It was the first day of fourth grade and my best friend was late.  We always walked the three suburban blocks to school back in the days when it was safe to let your kids walk to school by themselves.  I paced in my driveway waiting for her to appear at the corner where we met.  I smoothed my dress my mother had sewn for me, special for this day.  I knew Jody and I weren't in the same class and my cousin didn't have the same teacher either.  Secretly I was relieved.  It was my turn to see who I really was and what I was capable of instead of standing behind them and letting them shine.  Finally I saw her dad turn the corner and he pulled into the driveway.  "Dad's driving us, I couldn't figure out what to wear."  I scrambled in and shut the door saying, "Good Morning Dad Kringle."  That's how close Jody and I were.  I didn't say Mr. and Mrs. to her parents.  They were Mom and Dad Kringle.  My parents however were Mr. and Mrs. Marshall.  In the thirty five years Jody and I were best friends, not once did that ever change.  Neither did her tardiness nor my promptness.

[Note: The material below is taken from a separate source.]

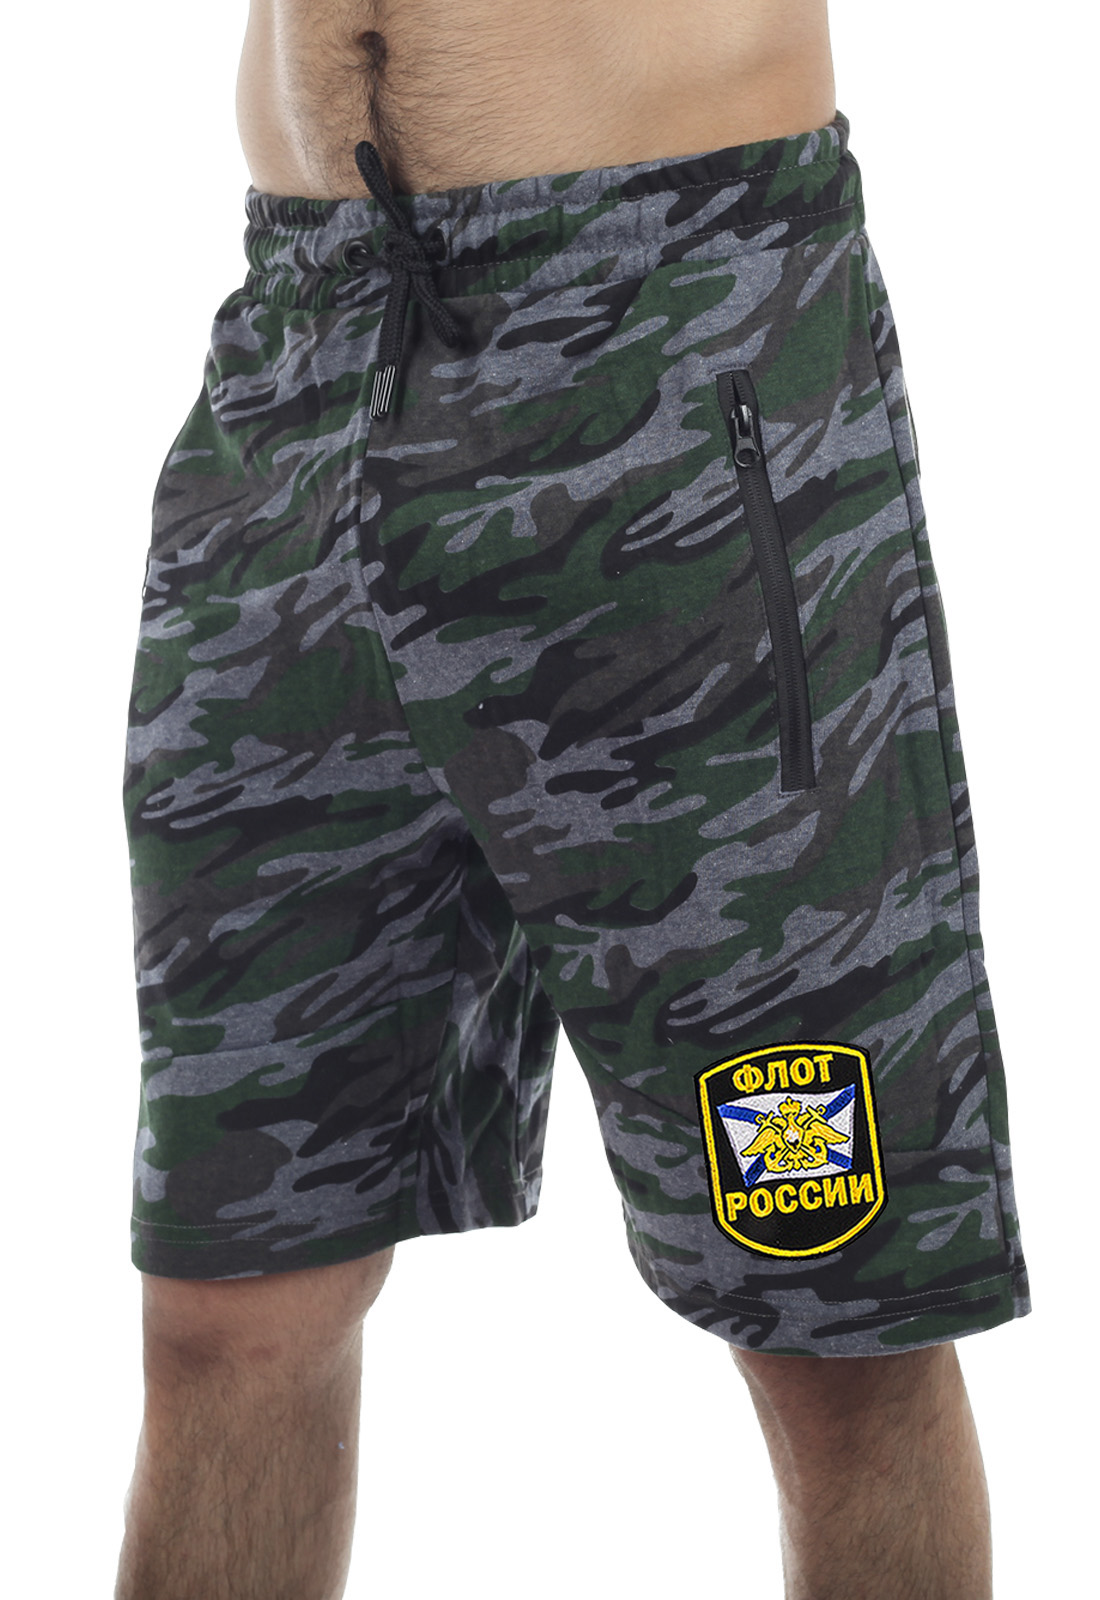 Купить армейские надежные шорты с нашивкой Флот России по экономичной цене

In my house, my clothes were always laid out the night before.  My books were on the desk ready for me to pick up on the way out the door.  My lunch was packed, only my sandwich to be grabbed out of the refrigerator to complete it.  This made morning run smoothly at our house.  Tranquility was treasured at our house.  Don't upset your father was the motto.  So I got extremely anxious to the point of nauseau when Jody was late for school.  I didn't want to upset my father even though he was already at work and had been for two hours.  And my mother was at home and could have easily taken me to school.  She was just relieved to have me out the door.  No kids.  Had she been given the chance to do it over again, I think she would have looked at the inability to give birth as a blessing from above and kept working.  She didn't enjoy motherhood and nurturing wasn't in her nature.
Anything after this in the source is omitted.